I would like to initialize a very large XArray dataset (as on-disk Zarr if possible) for later processing - various parts (spatial subsets) of the dataset will be populated by a different script.
This won't work, because the dataset obviously doesn't fit into memory.
import numpy as np
import xarray as xr
xr_lons = xr.DataArray(np.arange(-180, 180, 0.001), dims=['x'], name='lons')
xr_lats = xr.DataArray(np.arange(90, -90, -0.001), dims=['y'], name='lats')
xr_da = xr.DataArray(0, dims=['y', 'x'], coords=[xr_lats, xr_lons])
xr_ds = xr.Dataset({"test": xr_da})
xr_ds.to_zarr("test.zarr", mode="w")
MemoryError: Unable to allocate 483. GiB for an array with shape (180000, 360000) and data type int64
What would be a good alternative?
I'm looking for a solution like this using plain zarr:
import zarr
root = zarr.open('example.zarr', mode='w')
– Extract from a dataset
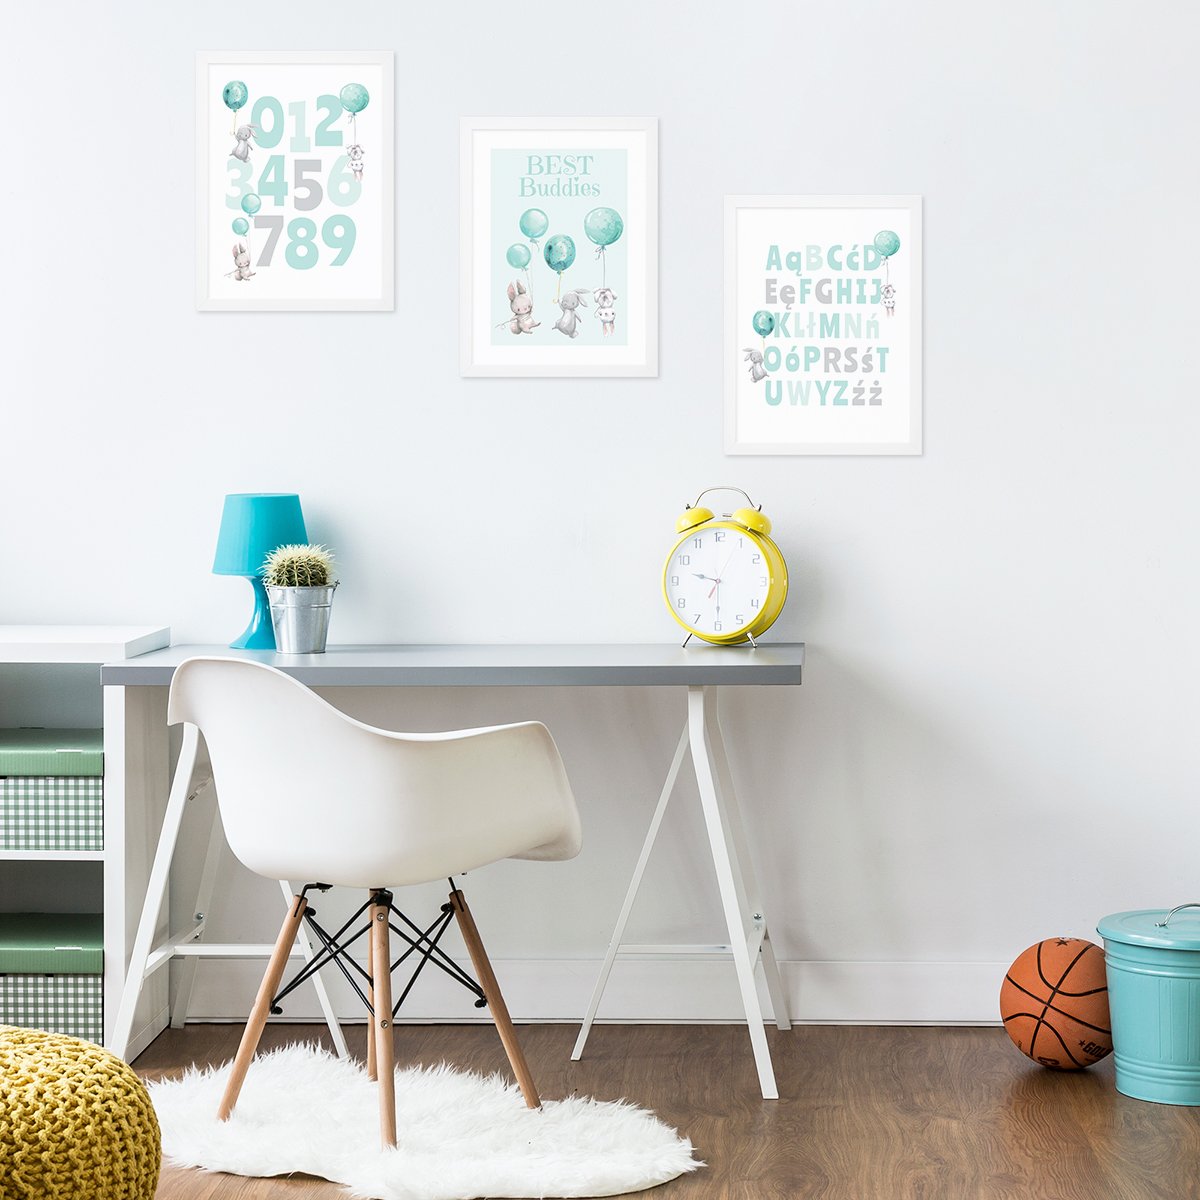 Plakaty na ścianę do pokoju chłopca z alfabetem, cyframi i królikami w białych ramkach zawieszone nad biurkiem - pomysł na dekorację ścian pokoju przedszkolaka#kolor_mietowy
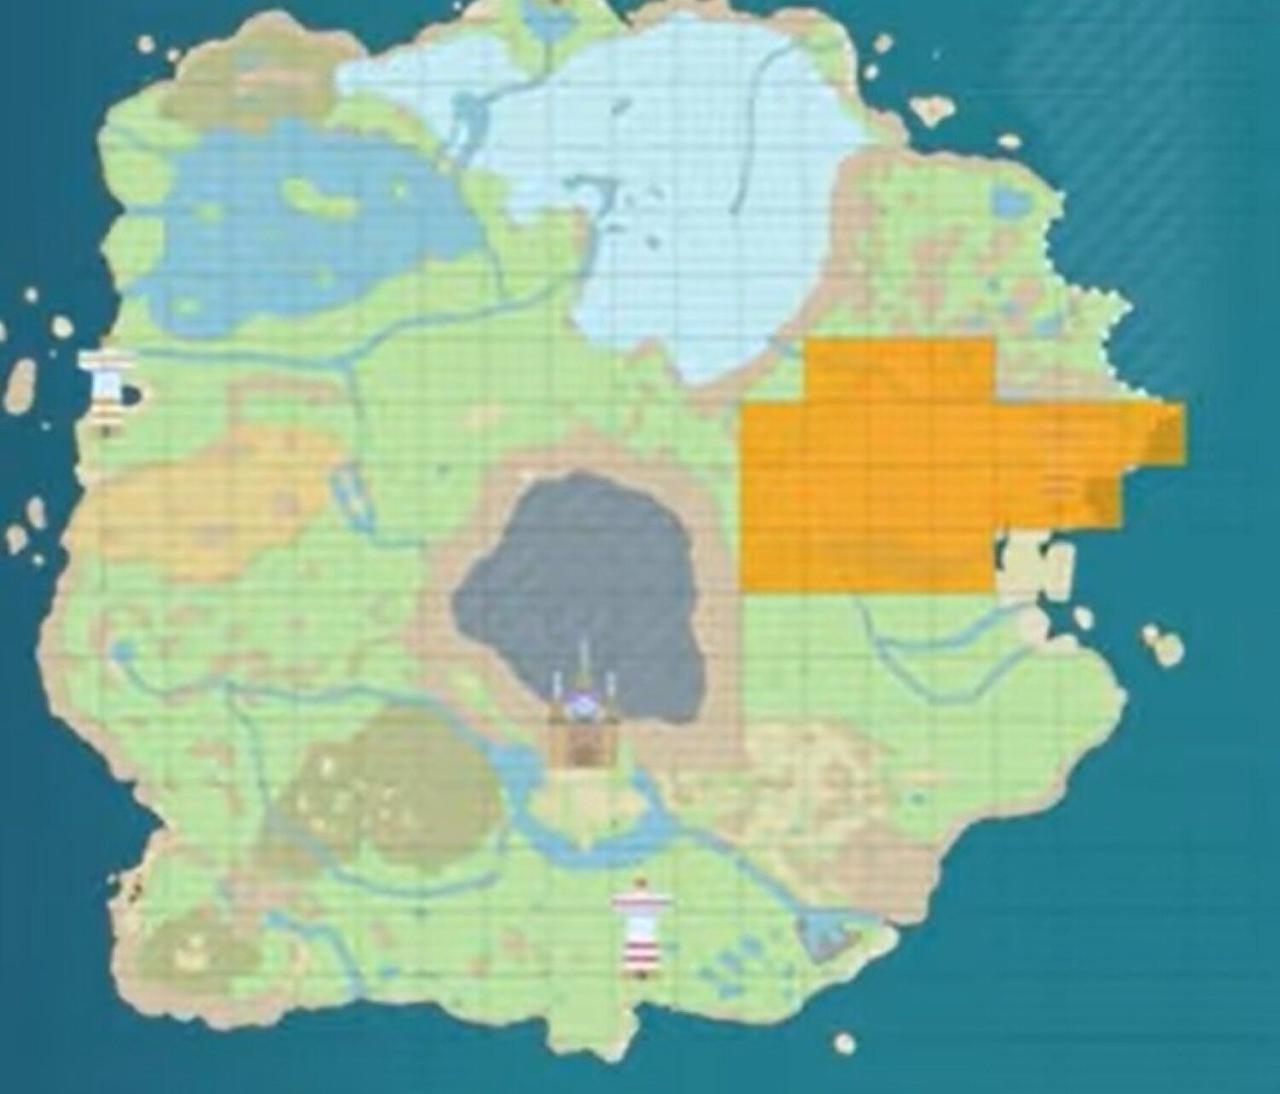 Ubicación de Carkol en el mapa del juego Pokémon Escarlata y Violeta.

mosaics = root.create_group('mosaics')
dsm = mosaics.create_dataset('dsm', shape=(nrows, ncols), chunks=(1024, 1024), dtype='i4')
The dataset, however, doesn't conform to the normal XArray structure and metadata so I'm looking for a solution directly using XArray (or Dask?)
You can use dask
to "initialize" an xarray
Dataset which is backed by a lazy dask
array and then write it to disk in chunks concurrently.
import dask.array as da
import numpy as np
import xarray as xr
lat = np.arange(90, -90, -0.001)
lon = np.arange(-180, 180, 0.001)
x = xr.Dataset(
coords={
"lat": (["lat"], lat),
"lon": (["lon"], lon),
},
data_vars={
"dsm": (
["lat", "lon"],
da.zeros((lat.size, lon.size), chunks=(1024, 1024), dtype="uint8"),
)
},
)
This gives you an xarray
dataset with a dask array dsm
:
You can now do any kind of further modification or just write it to disk using .to_zarr
.
A couple of notes:
Your array is fairly large, choosing the correct datatype is crucial. If not specified it'll use float64
which will be 483. GiB
for your array. If you specify for instance uint8
like in my example, it'll be only 60.35 GiB
for the same size.
Another crucial factor is the chunk size. Using (1024, 1024)
from your example yields very small chunks which means a ton of tasks which will likely result in issues for either dask or your disk I/O.